_SOURCE DATA_
== Segment start ==

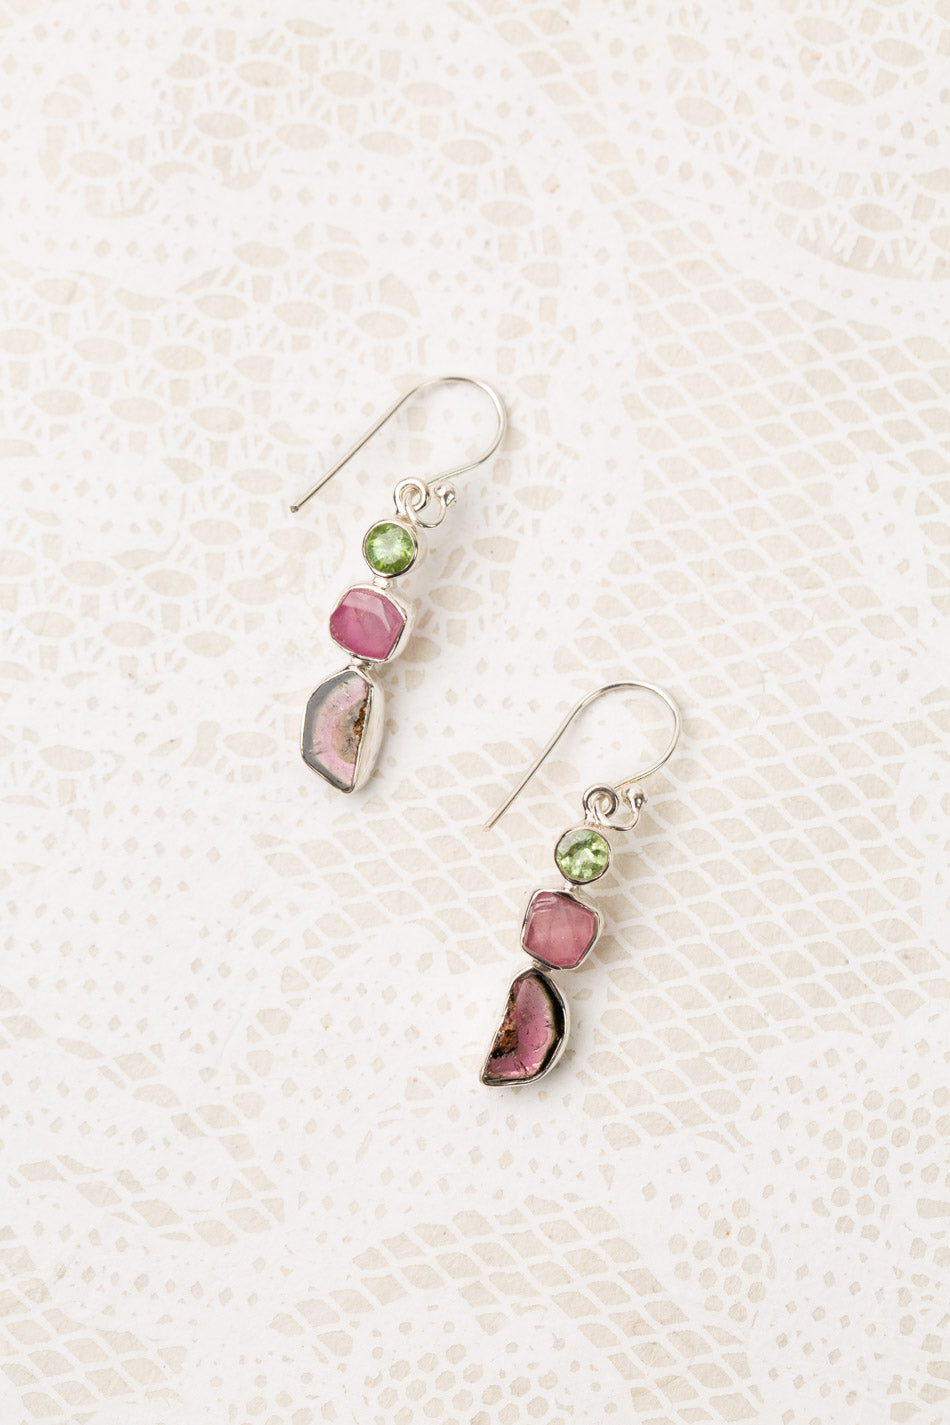 One Of A Kind Sterling Silver Pendants With Watermelon Tourmaline Slice, Natural Watermelon Tourmaline Statement Earrings
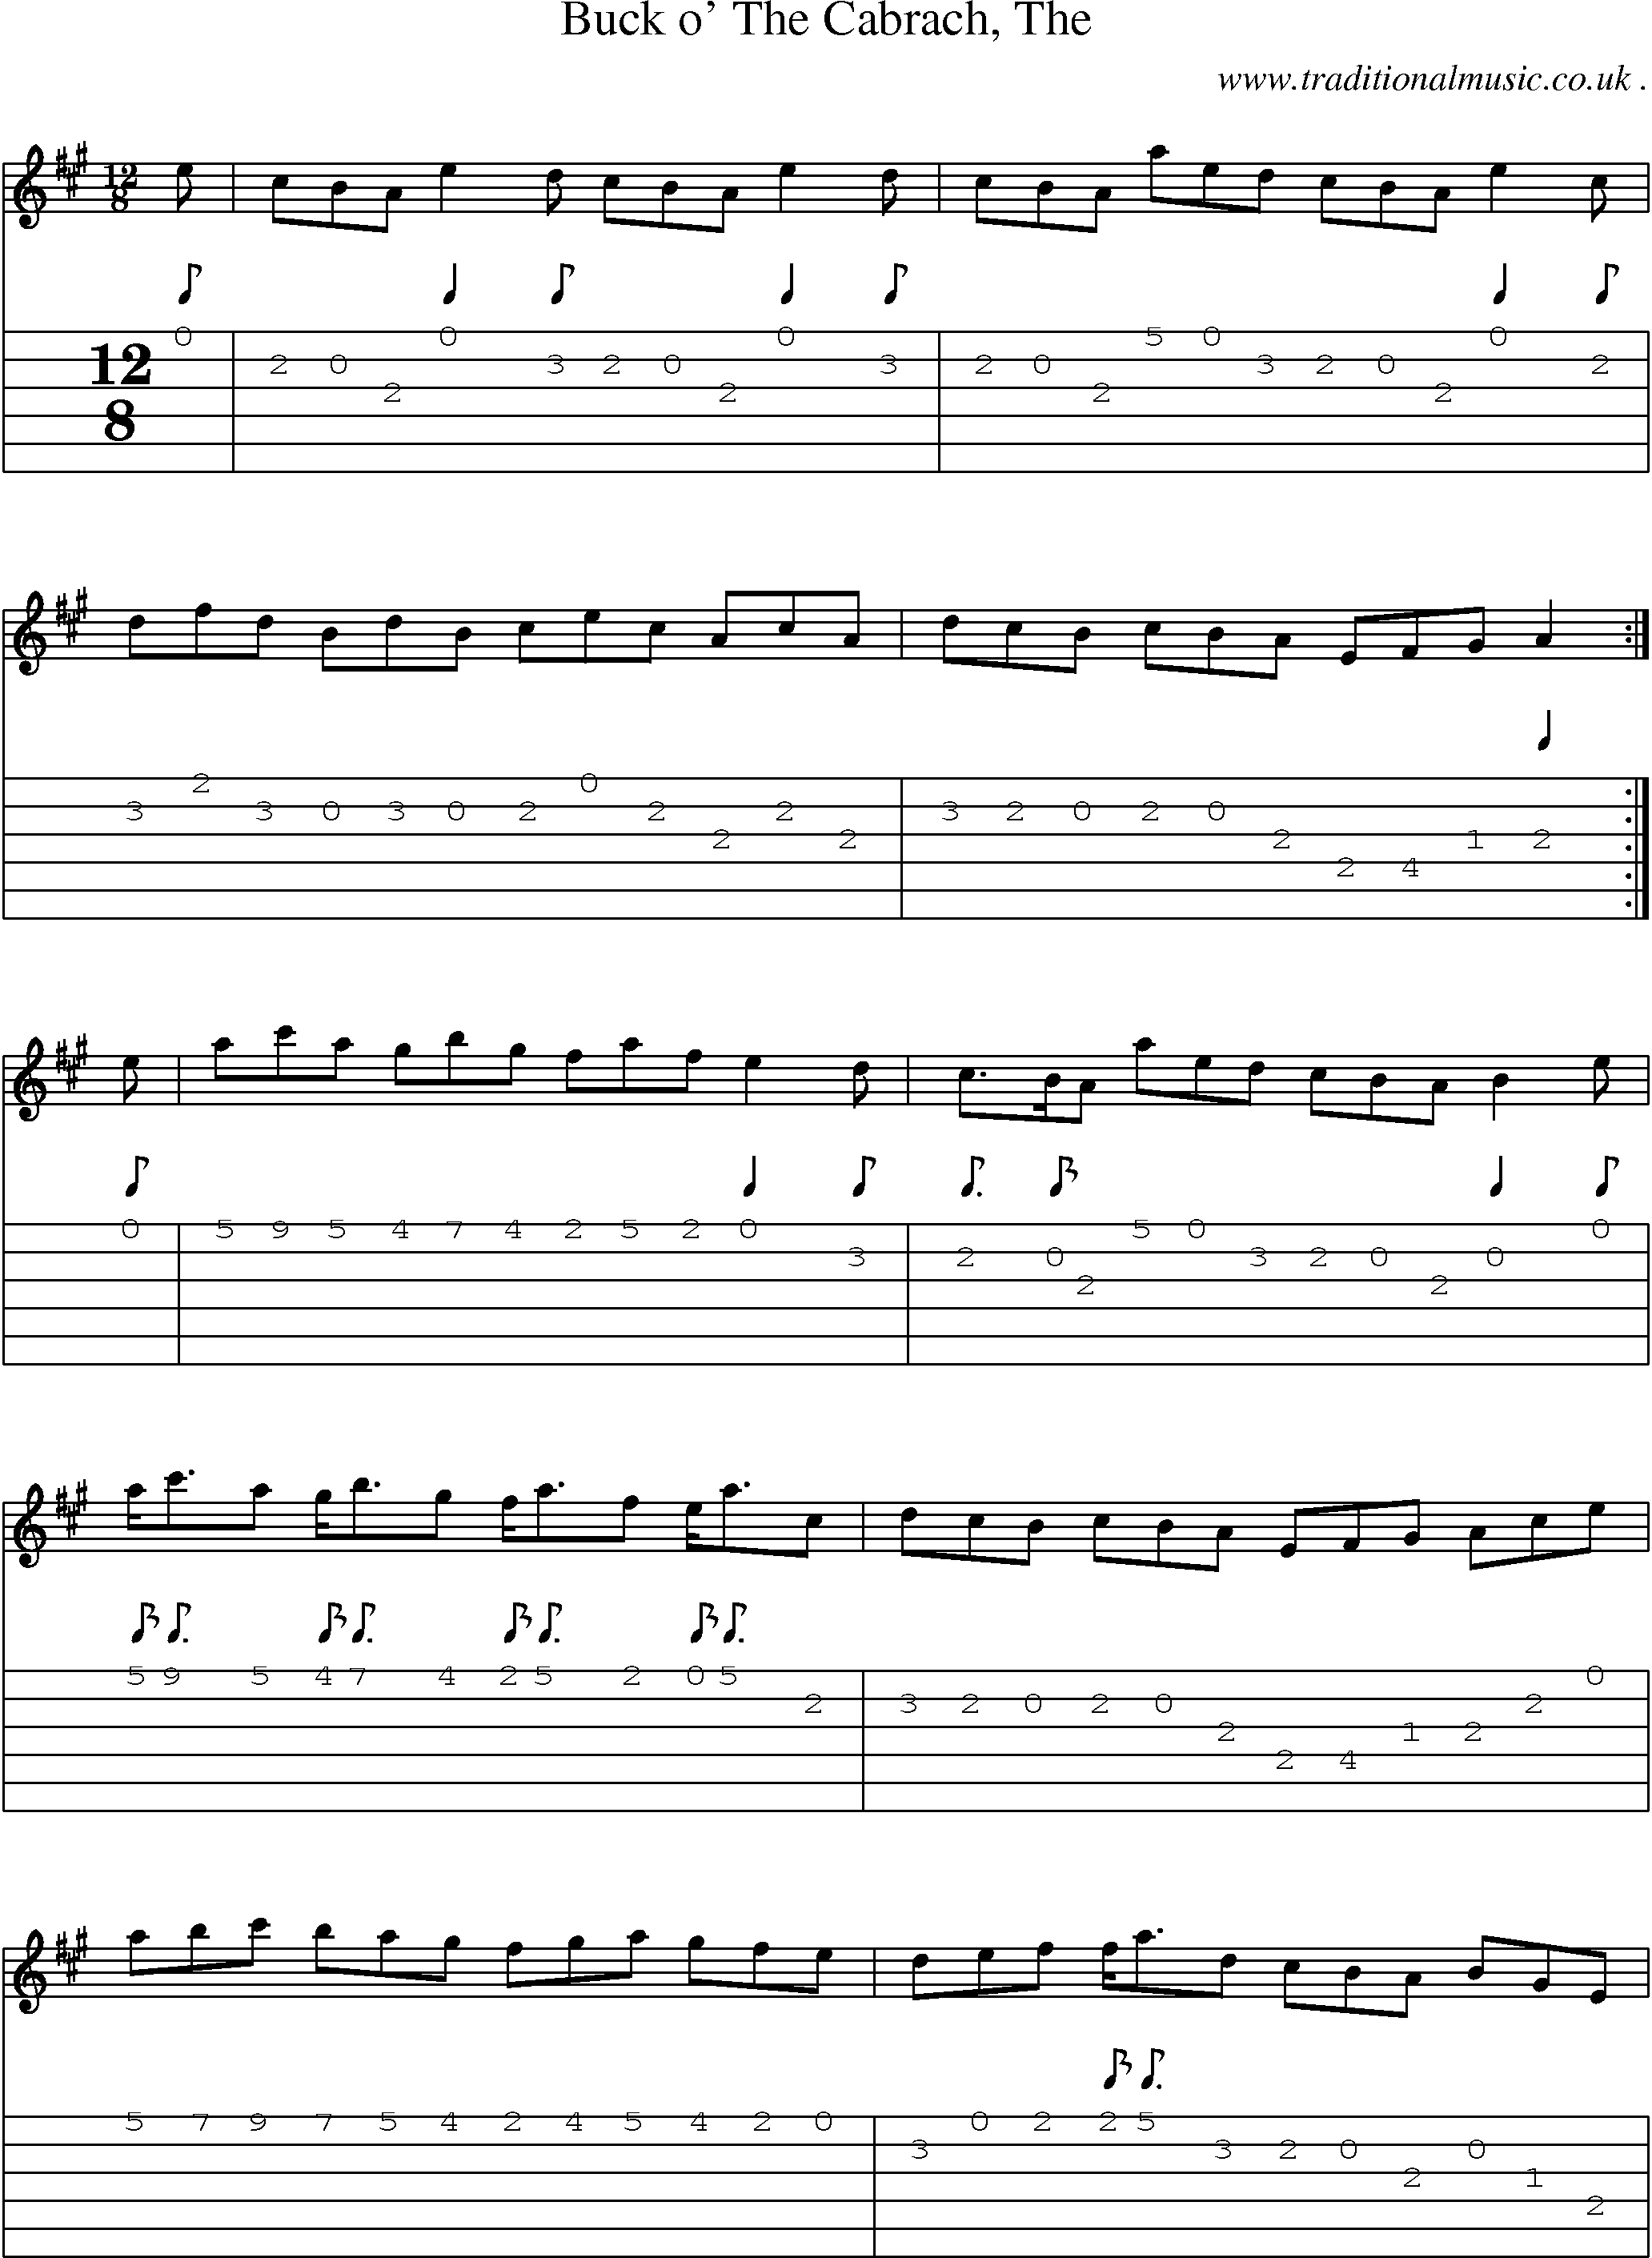 Sheet-music  score, Chords and Guitar Tabs for Buck O The Cabrach The
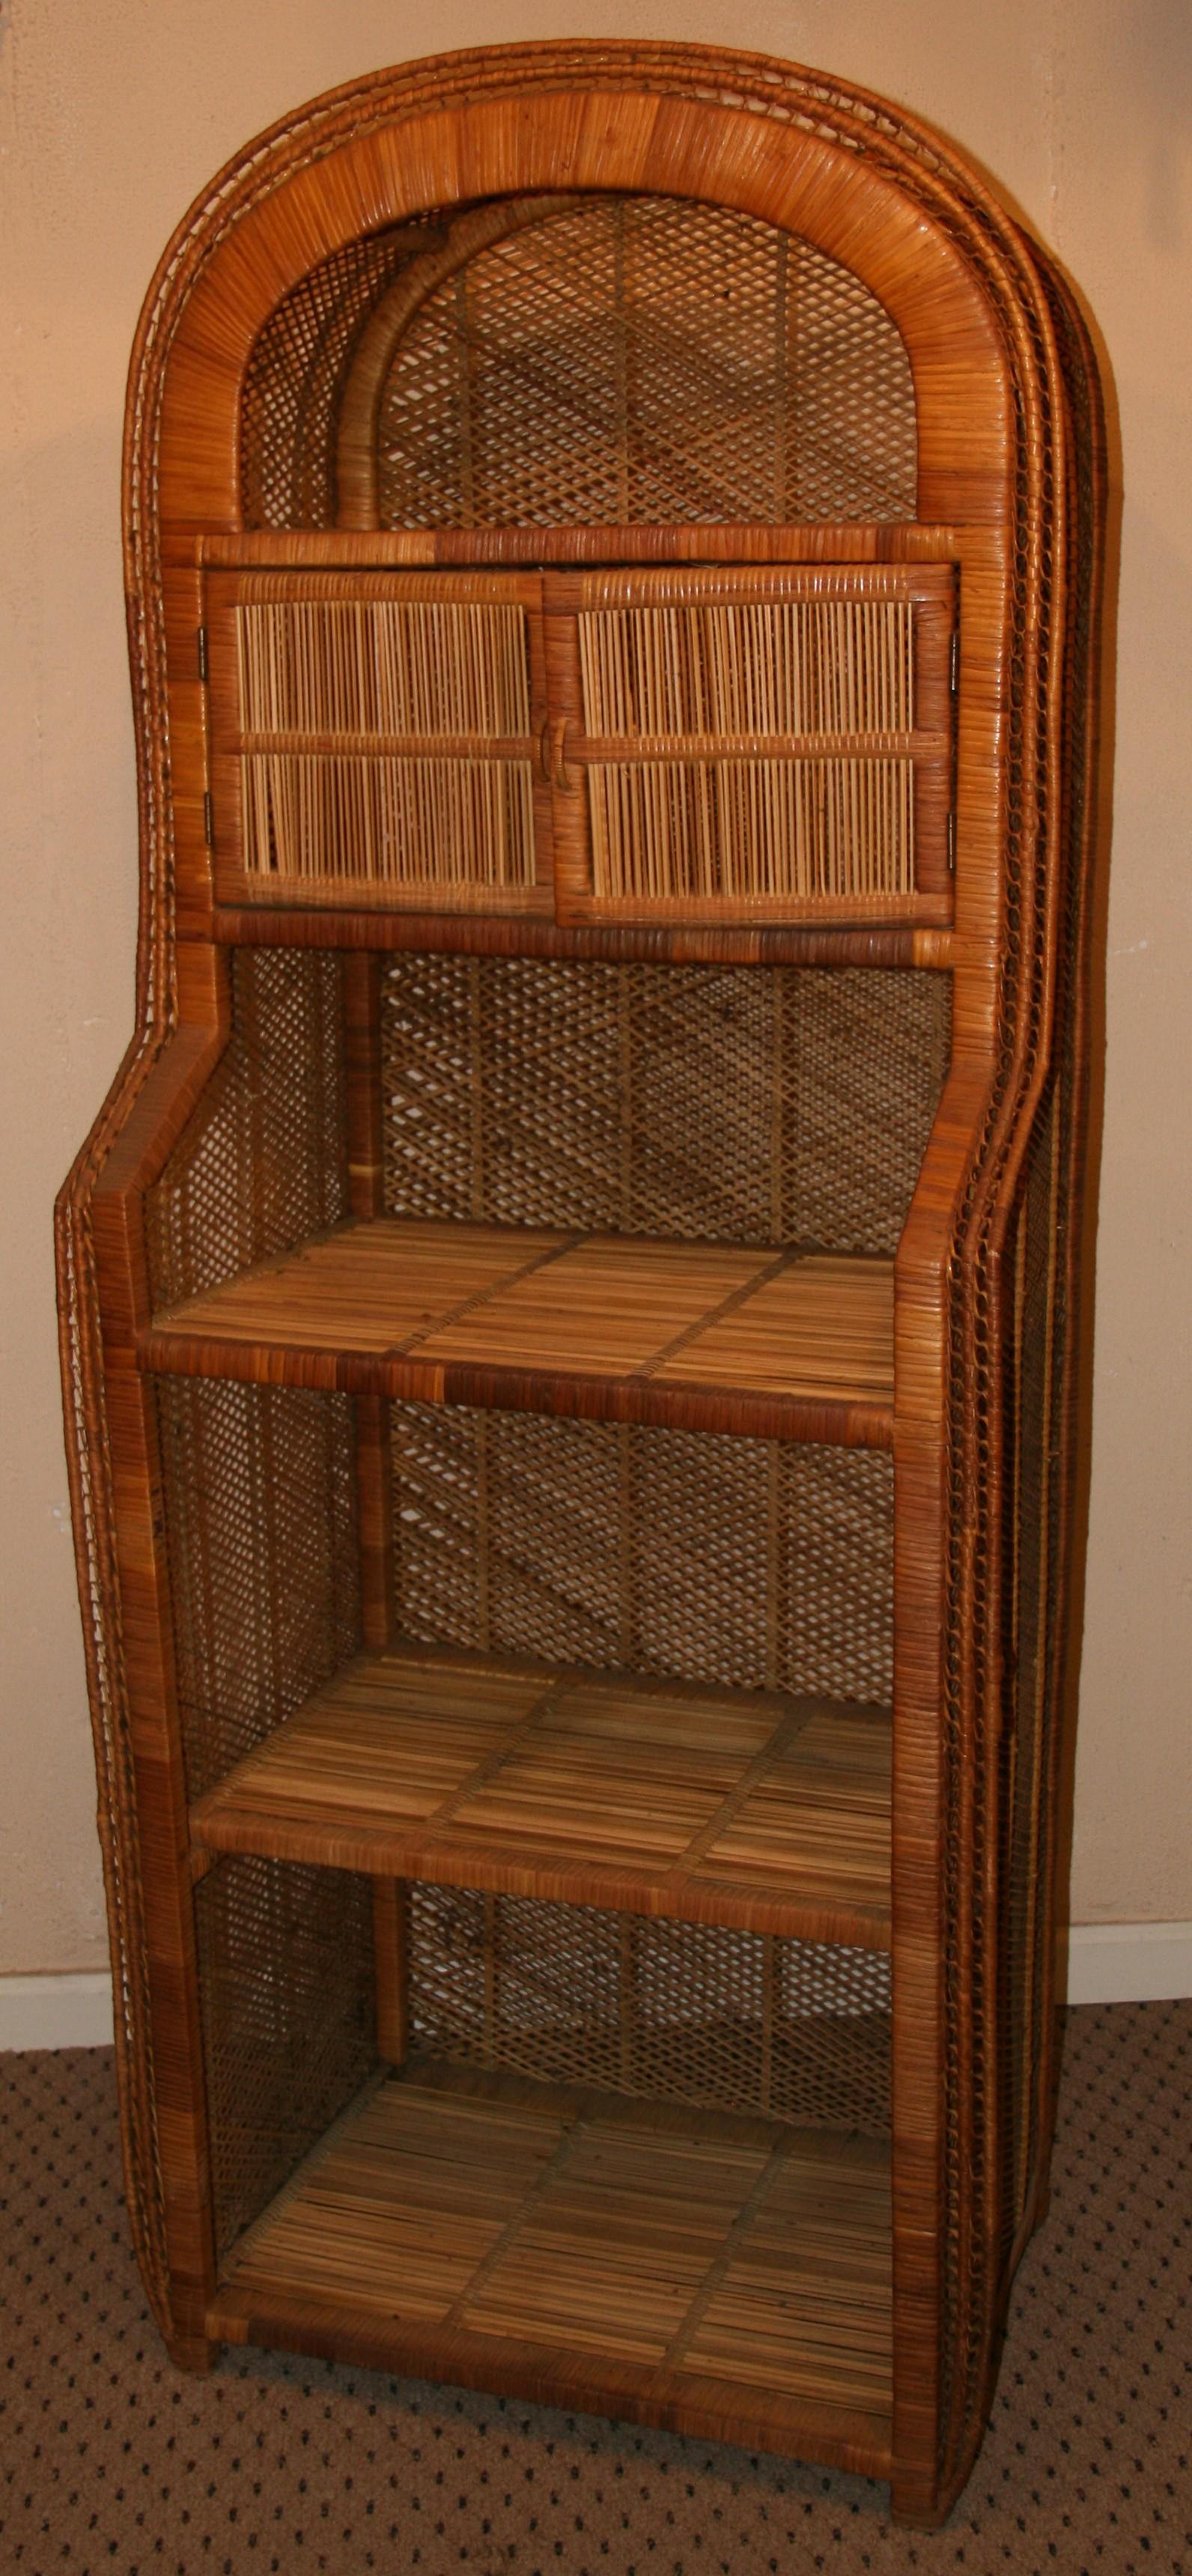 3-988 Hand crafted reed and wicker etagere with 5 shelves and folding upper doors
Top 12

== Segment end ==

_EXERCISE DESCRIPTION_
The whole listing above, line by line, needs to be copied exactly, except for any images.

_RESULT OF THE EXERCISE_
 One Of A Kind Sterling Silver Pendants With Watermelon Tourmaline Slice, Natural Watermelon Tourmaline Statement Earrings
 Sheet-music  score, Chords and Guitar Tabs for Buck O The Cabrach The
 3-988 Hand crafted reed and wicker etagere with 5 shelves and folding upper doors
Top 12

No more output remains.